# All The Honey Is Gone



## LenInNorCal (Feb 28, 2009)

Dan, I don't know what happened, nor am I familiar with your region and the nectar flow, length of pollen availability, but to keep them going I would feed them for sure. They will need food to keep on so do that immediately. Did you see bee parts on the inside or outside of the hive, as if there were robbing and fighting going on? Ants? Any other clues as to who or how? Were the combs there and just empty? Not much going on here. Any other observations you made? Sorry I can't be more helpful.


----------



## dan k 1 (Jan 7, 2009)

No I did not see any dead bees or anything like that. I can’t see how a colony this size could be robbed blind like this, but, that’s my only guess. The nectar flow is all but over in my area. There are still some wild flowers and the golden rod left but no real flow to speak of the rest of the season. My hope was for them to survive the winter. Will they be able to survive on sugar syrup alone?
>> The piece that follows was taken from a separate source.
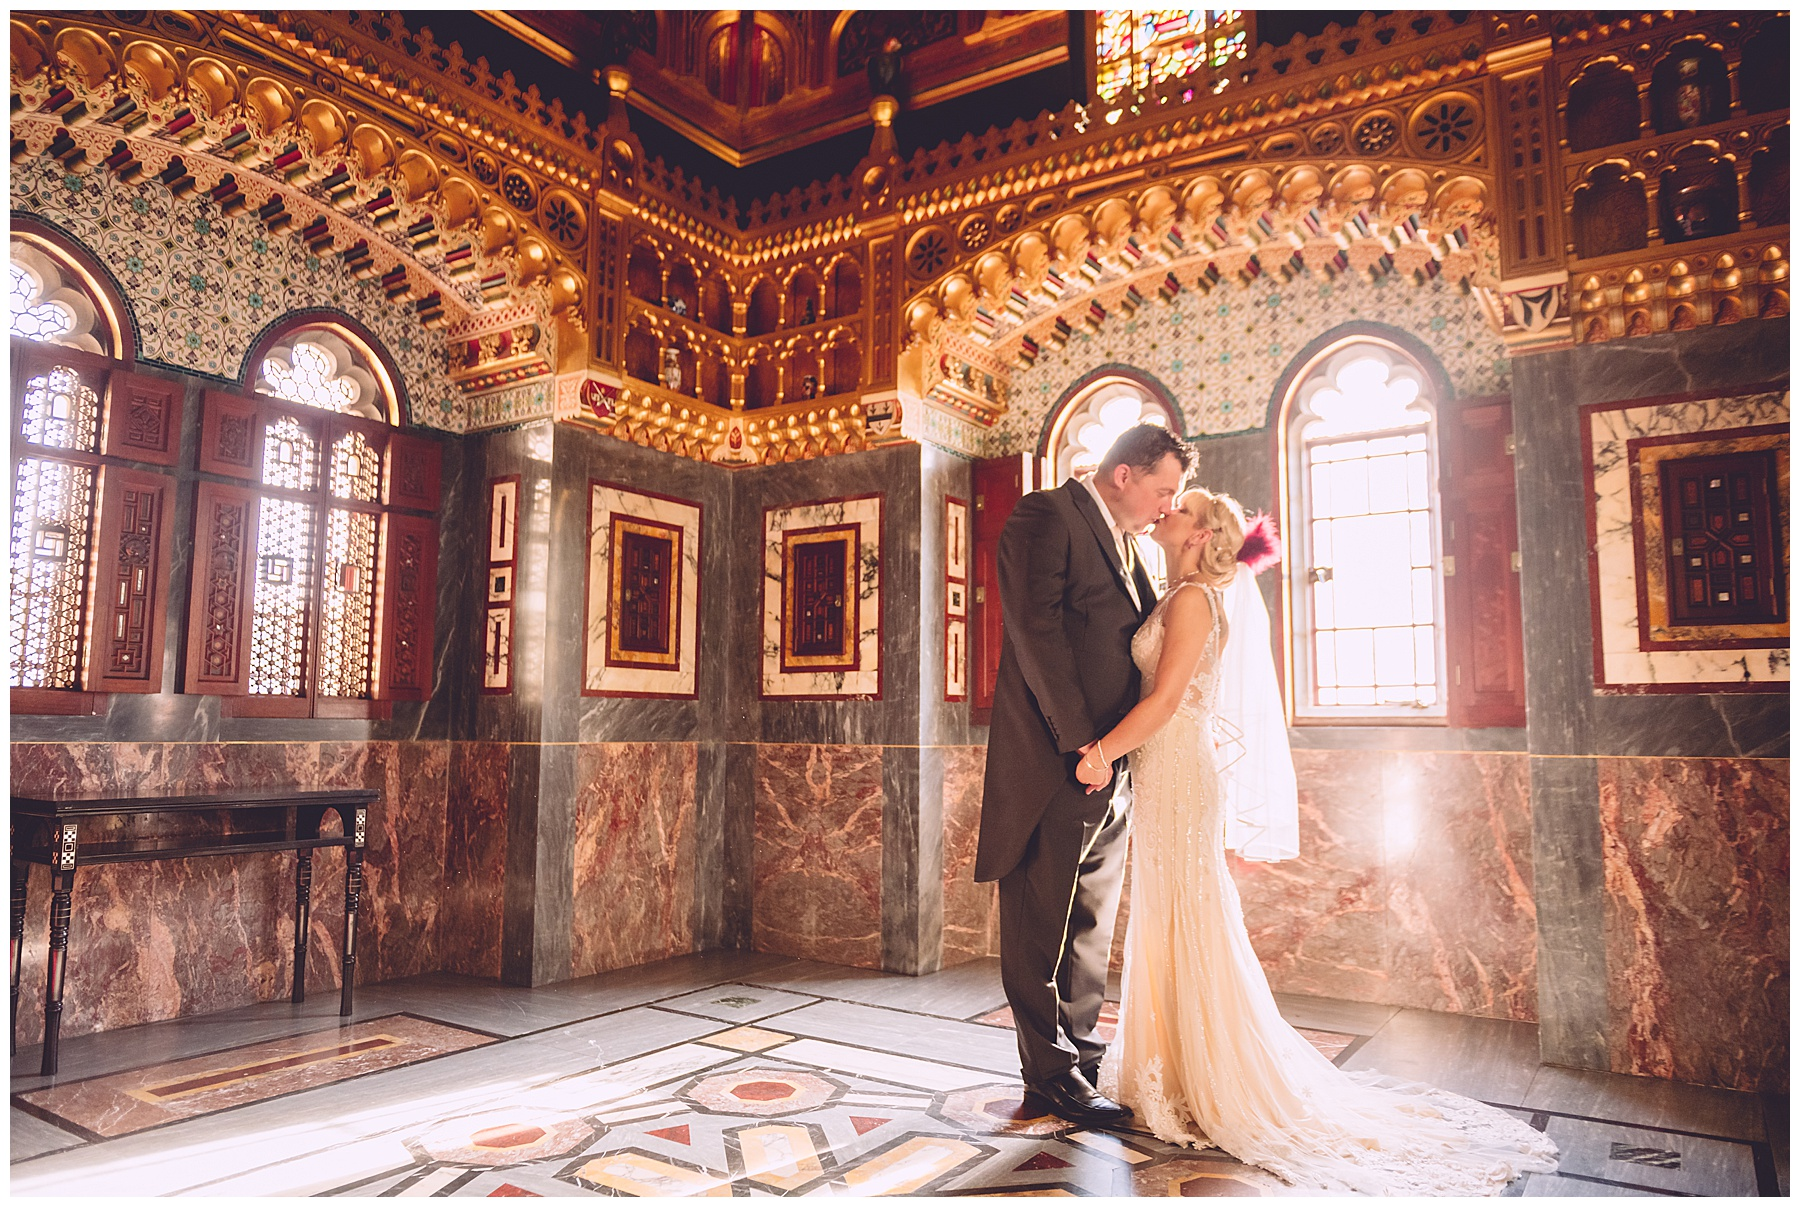 Bride & Groom in Arab Room at Cardiff Castle

Will they store syrup?

any thoughts are welcome and appreciated


----------



## gmcharlie (May 9, 2009)

not unusual at all... they used it up as food.... VERY common this time of year.... hopefully they will replace it with the fall flow.
Contrary to popular belife Summer is not all honey and roses... the summer honey flow is miserable in most parts of the country


----------



## Tern (Mar 20, 2008)

GMCharlie:

I just got through checking my top bar hive and it was devoid of honey, as well. You, basically, wrote the post I was about to. Same thing- lots of bees and the expected amounts of eggs, larvae, and capped brood. Almost no honey except for a very little at the top of the brood combs. Whereas several weeks ago there were 4-5 honey-filled combs and lots of honey at the top of the brood combs.

A Langstroth right next to it was low on honey stores also.

I'll see if they can re-fill late summer and, if not, I'll be back here looking for advice re the winter.


----------



## Joseph Clemens (Feb 12, 2005)

Tern,
I'd check with other beekeepers near you, see what can be expected for late Summer or Autumn honeyflow. You may need to start supplemental feeding *now*, if you plan to overwinter your hive(s). If you wait too long - it can quickly become, too late.


----------



## Tern (Mar 20, 2008)

Thanks re checking other beekeepers in the area. Will do.


----------



## Maine_Beekeeper (Mar 19, 2006)

For what its worth : 

Here in Southern Maine I've got a TBH in my "home yard" (along with about a dozen full Lang hives and 30+- nucs).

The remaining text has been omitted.